**TASK BRIEF:**
All of the data should be output character for character, except the pictures.

**RECORDED INFORMATION:**
----

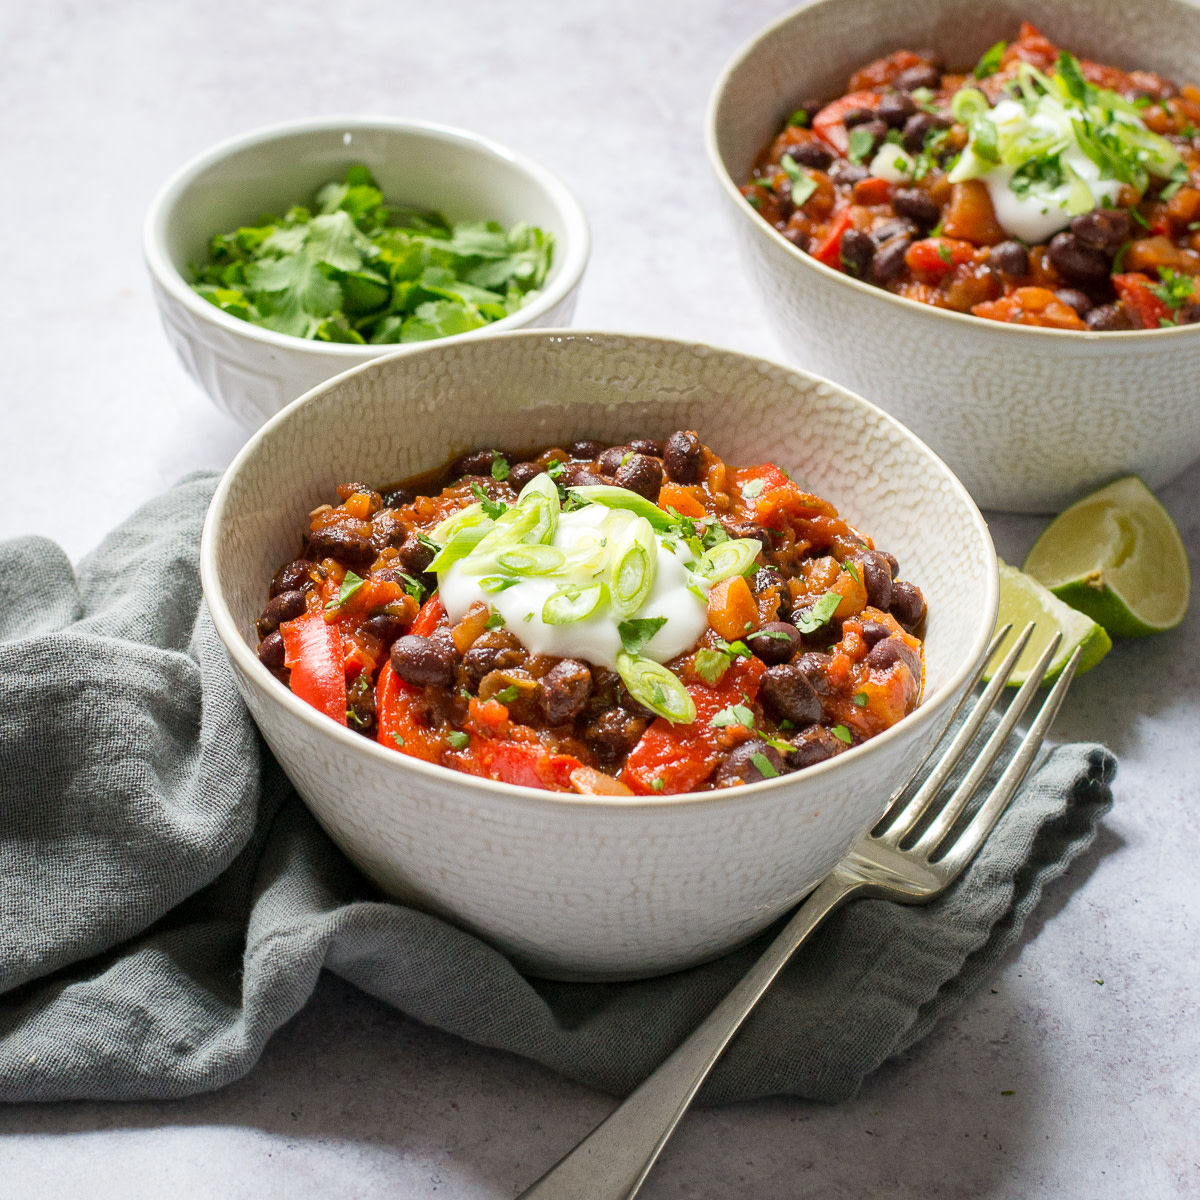 🌱 BLACK BEAN CHILLI with chipotle paste - a 20 minute dinner This smoky and spicy black bean chilli with chipotle paste is quick, easy and so versatile - serve with jacket potato, fajitas, rice or tortilla chips! thevegspace.co.uk/recipe-chipotl… #vegan
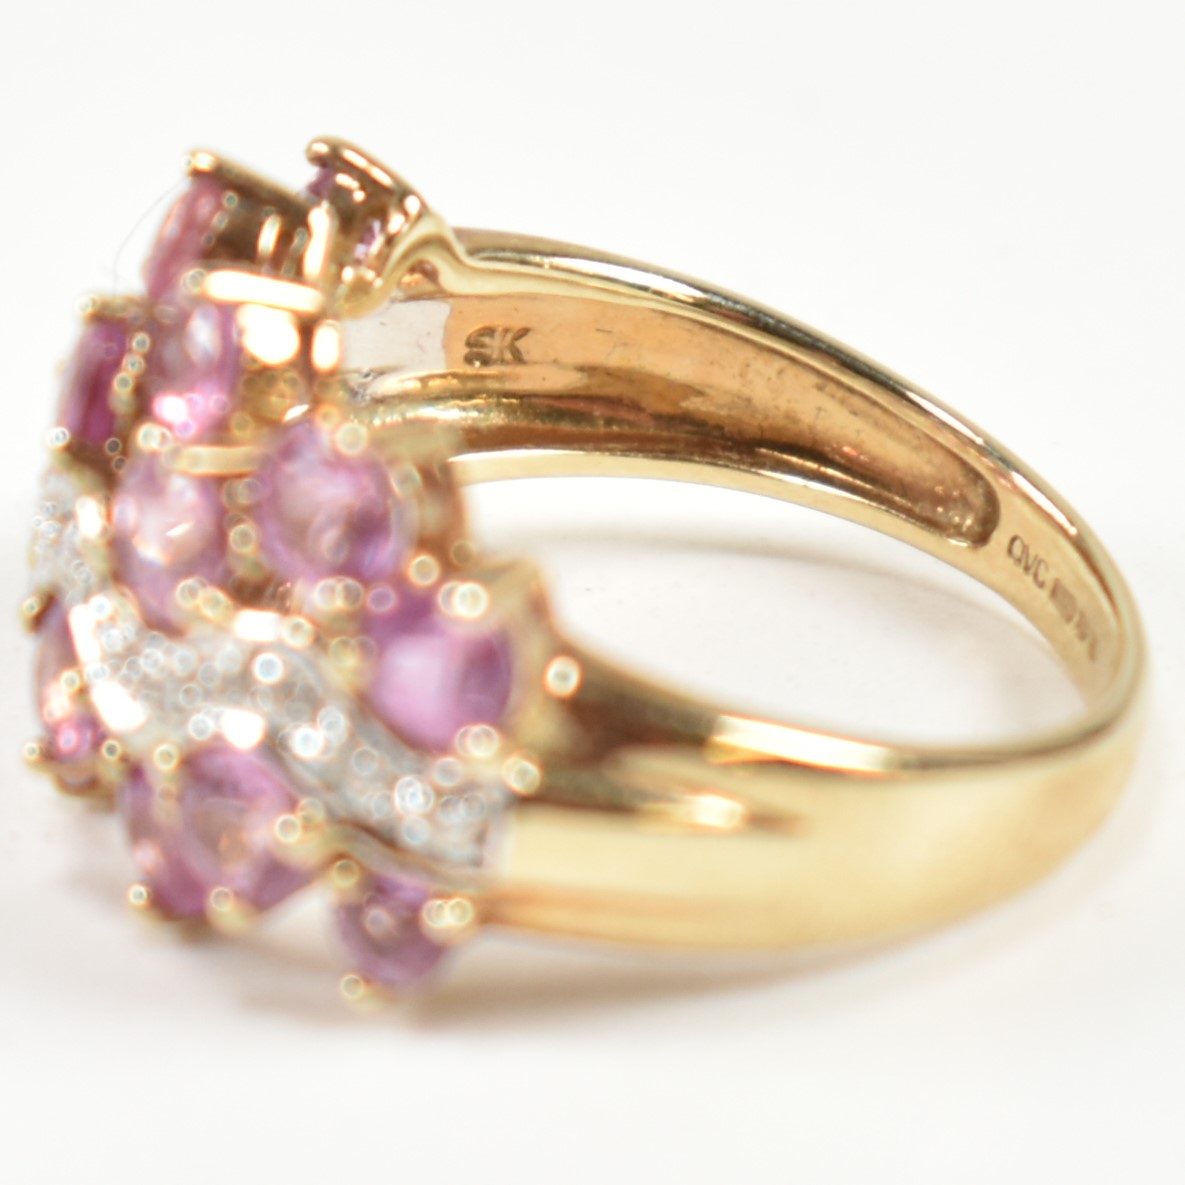 HALLMARKED 9CT GOLD PINK SAPPHIRE & DIAMOND CLUSTER RING - Image 7 of 9
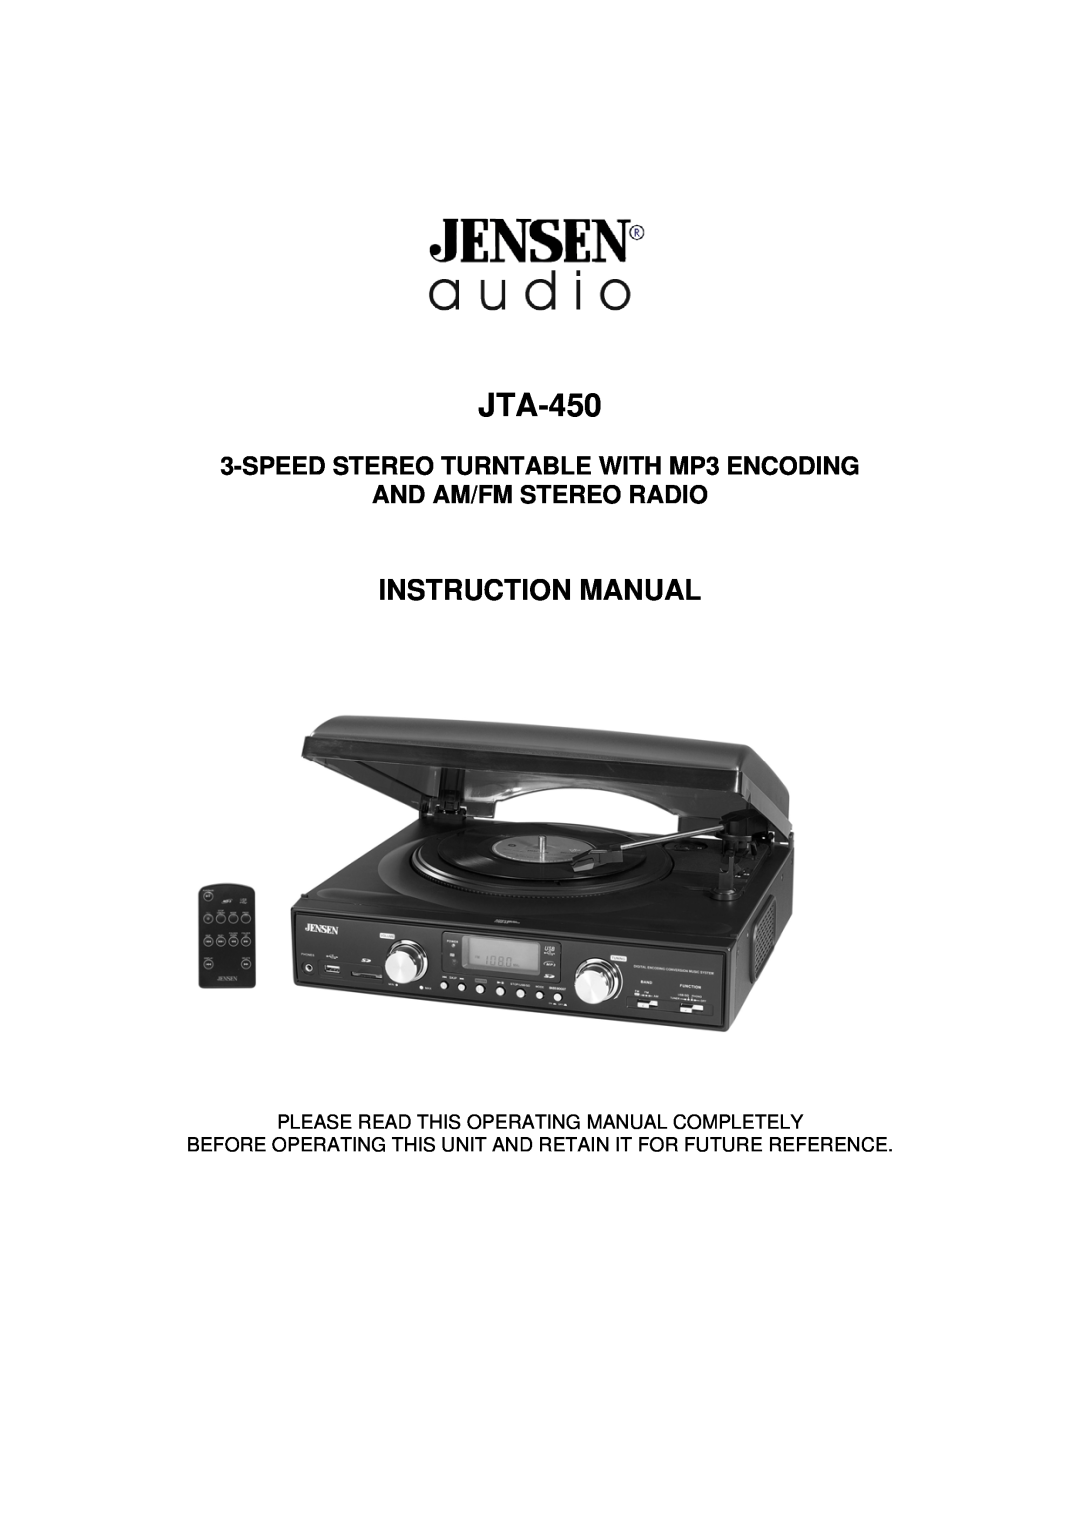 Jensen JTA-450 instruction manual SPEEDSTEREO TURNTABLE WITH MP3 ENCODING, And Am/Fm Stereo Radio 
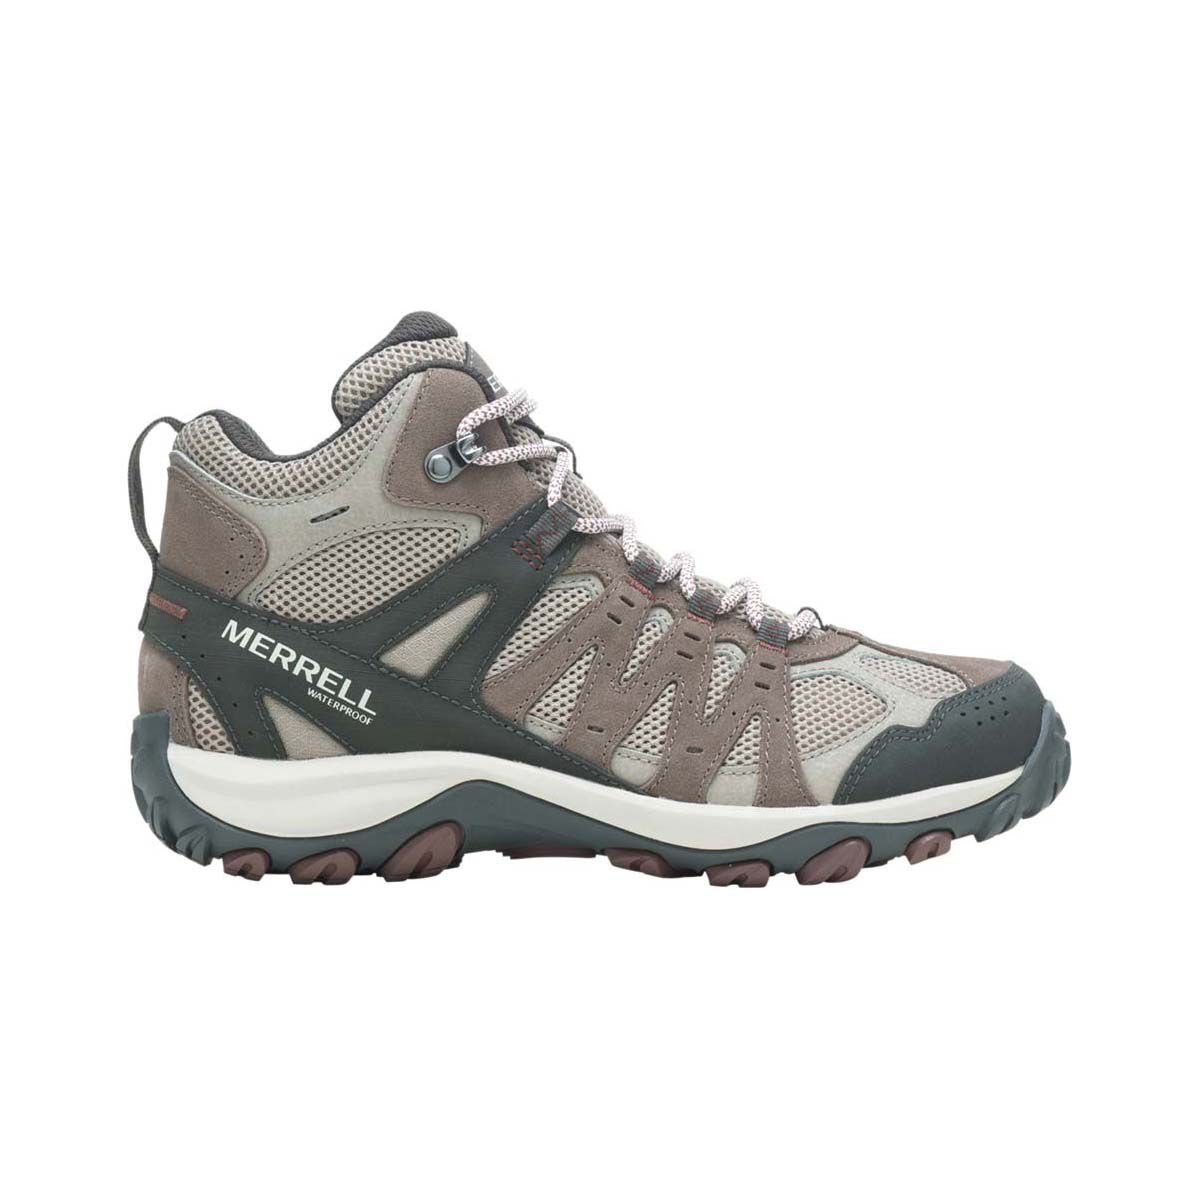 Merrell Accentor 3 Women's Mid WP Hiking Boots | BCF

----

**REPLY:**
 🌱 BLACK BEAN CHILLI with chipotle paste - a 20 minute dinner This smoky and spicy black bean chilli with chipotle paste is quick, easy and so versatile - serve with jacket potato, fajitas, rice or tortilla chips! thevegspace.co.uk/recipe-chipotl… #vegan
 HALLMARKED 9CT GOLD PINK SAPPHIRE & DIAMOND CLUSTER RING - Image 7 of 9
 Jensen JTA-450 instruction manual SPEEDSTEREO TURNTABLE WITH MP3 ENCODING, And Am/Fm Stereo Radio 
 Merrell Accentor 3 Women's Mid WP Hiking Boots | BCF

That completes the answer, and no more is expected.